Der Reiseveranstalter hat im Falle der Zahlungsunfähigkeit oder des Konkurses sichergestellt, dass dem Kunden erstattet werden: der gezahlte Reisepreis, soweit Reiseleistungen wegen der Zahlungsunfähigkeit oder des Konkurses ausfallen und notwendige Aufwendungen für die vertraglich vereinbarte Rückreise. Der Kunde/die Kundin hat in diesen Fällen bei Vorlage des Sicherungsscheines einen unmittelbaren Anspruch gegen die Versicherung.

9. Verjährung

Die Verjährung der Ansprüche des Reisenden aus dem § 651 c - 651 f BGB wird gemäss § 651 m Satz 2 BGB auf ein Jahr verkürzt.
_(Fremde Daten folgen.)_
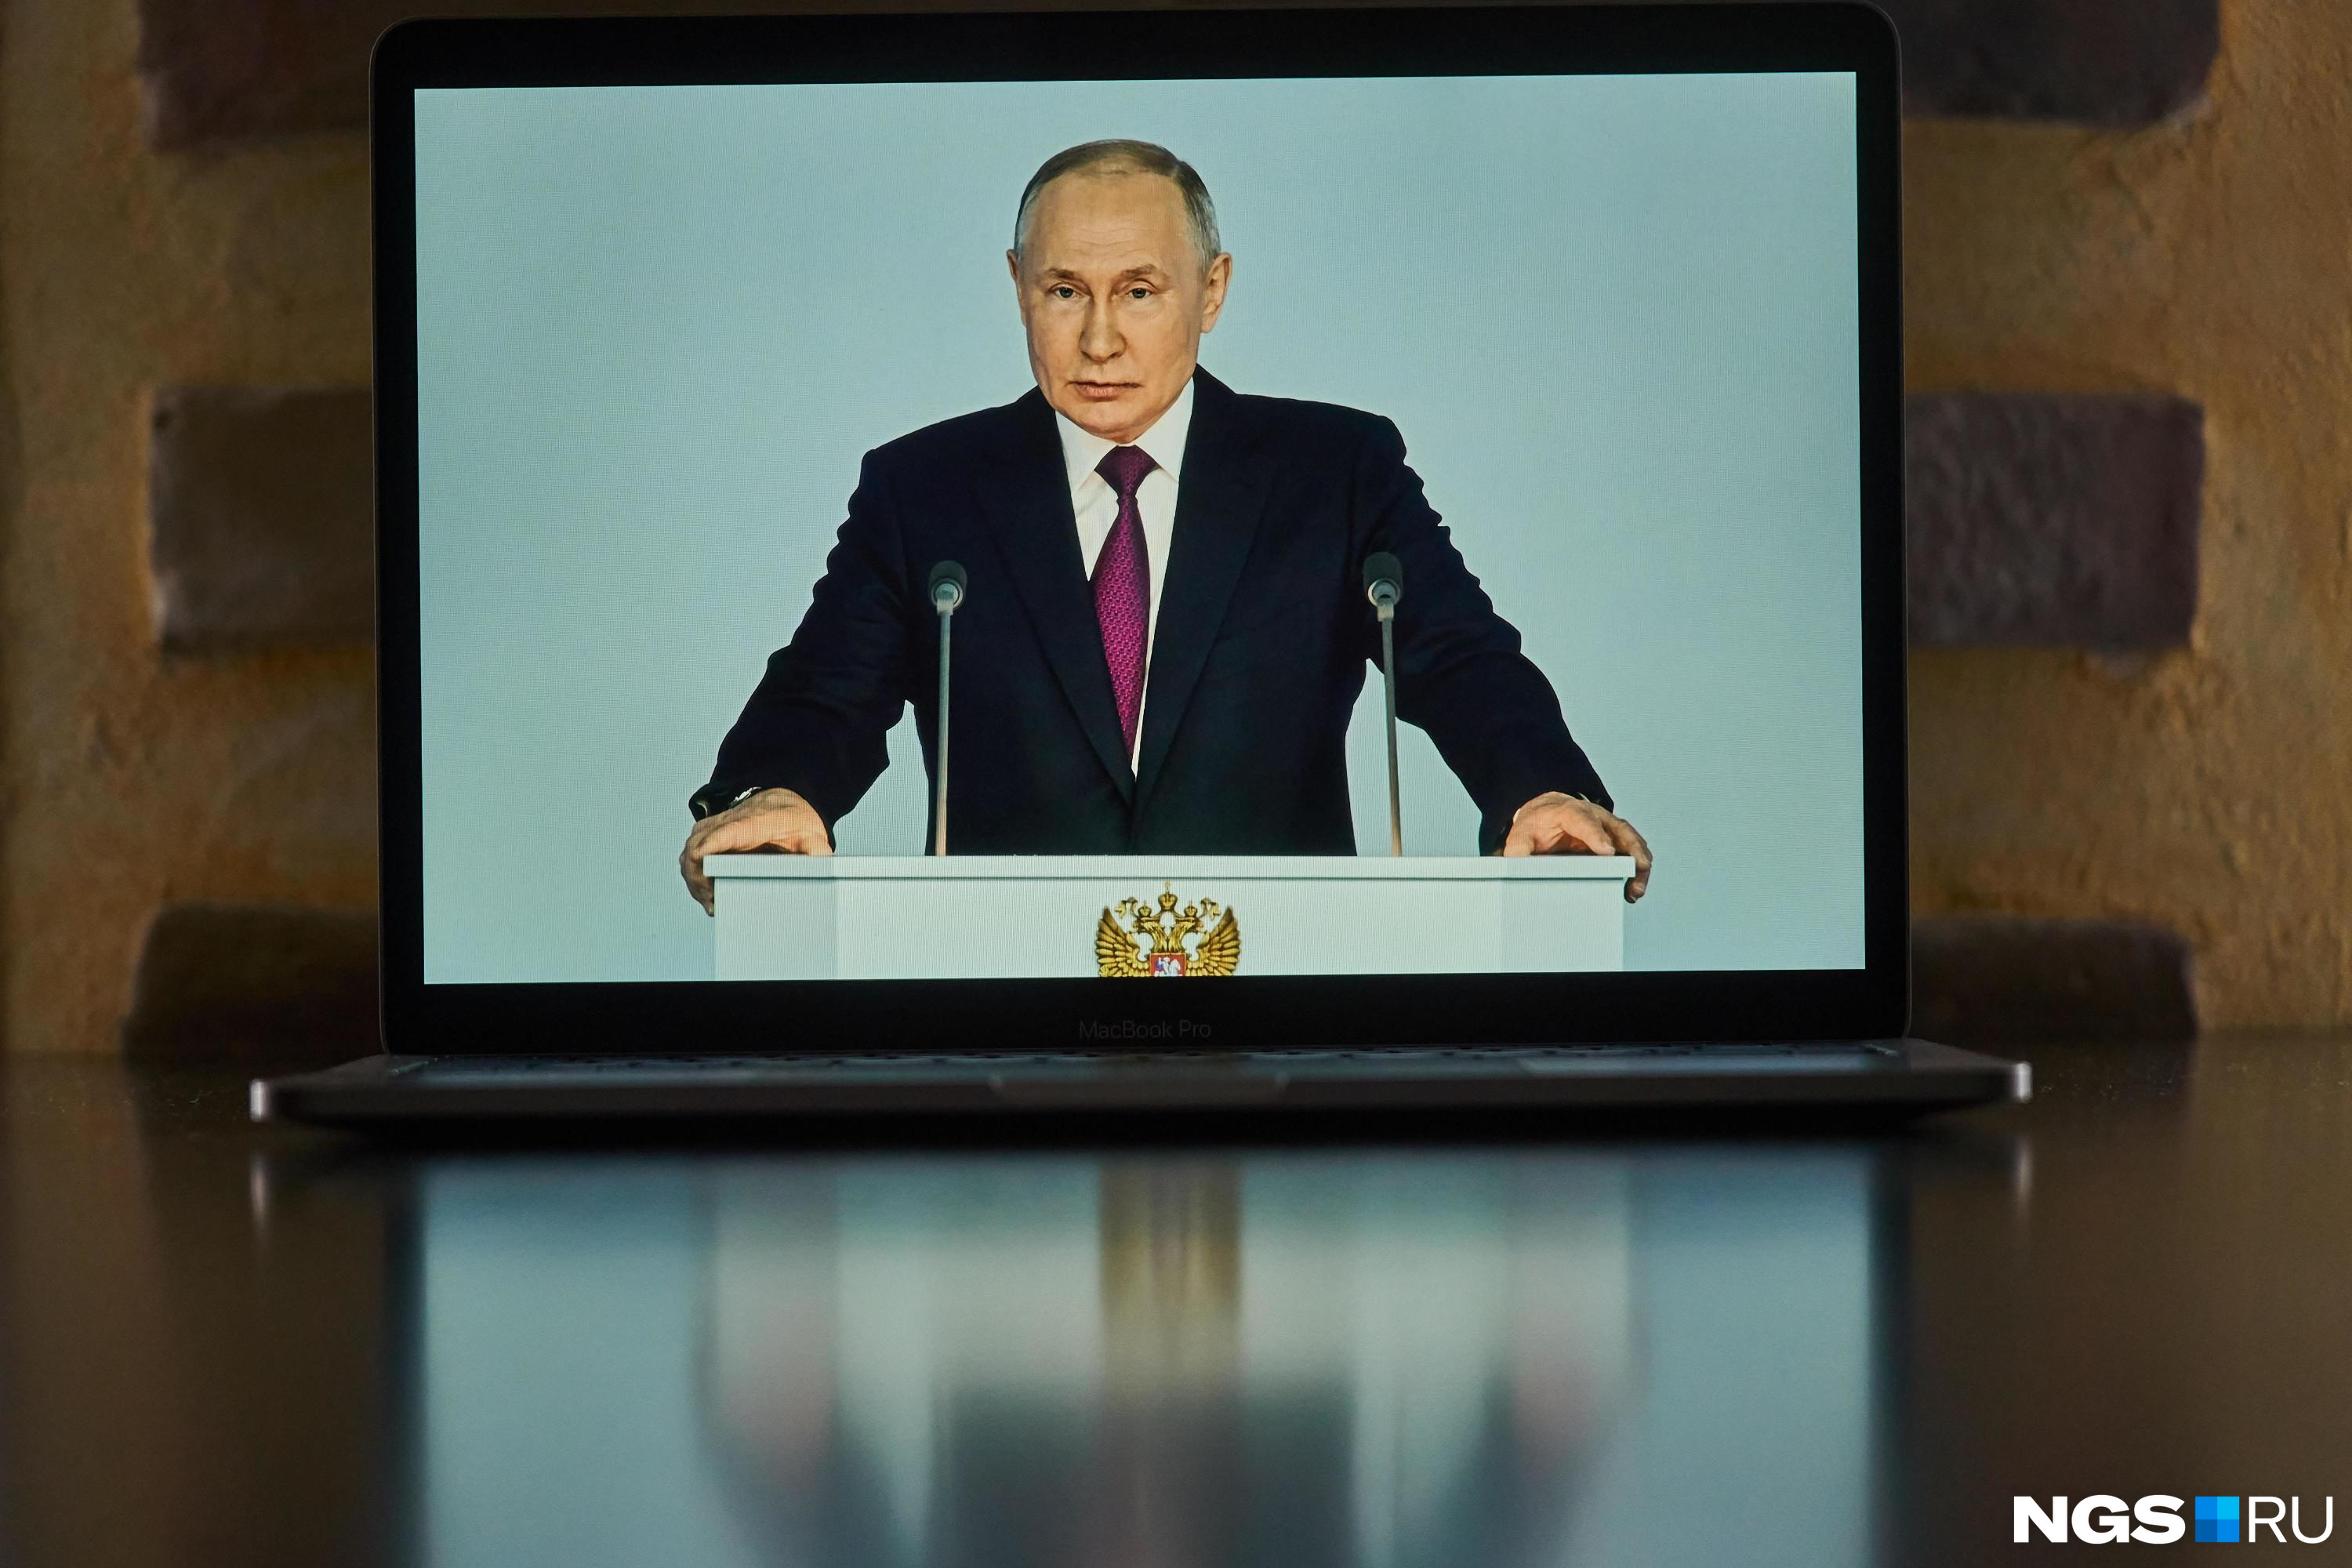 «За добросовестный труд и достижения». Путин наградил политика, тренера и госслужащую из Кузбасса — что о них известно

10. Ergänzende Vorschriften
10.1

Sofern abweichende Regelungen nicht getroffen sind, geltend die gesetzlichen Vorschriften, insbesondere die Vorschriften über den Reisevertrag (§§ 651 a ff. BGB) in der jeweils gültigen Fassung.

10.2

Sollten einzelne Bestimmungen dieses Vertrages unwirksam sein, so wird dadurch die Wirksamkeit der übrigen Bestimmungen nicht berührt.

11. Versicherungen

Eine Gruppenunfall- und -haftpflichtversicherung ist für alle Teilnehmer, soweit sie versicherungsfähig sind, im Reisepreis eingeschlossen. Falls gewünscht, können weitere Versicherungen (z.B. Auslandskrankenversicherung, Reiserücktrittskostenversicherung) noch zusätzlich abgeschlossen werden.

12. Gerichtsstand

Bei Rechtsstreitigkeiten ist der Sitz des Reiseveranstalters als Gerichtsstand maßgebend.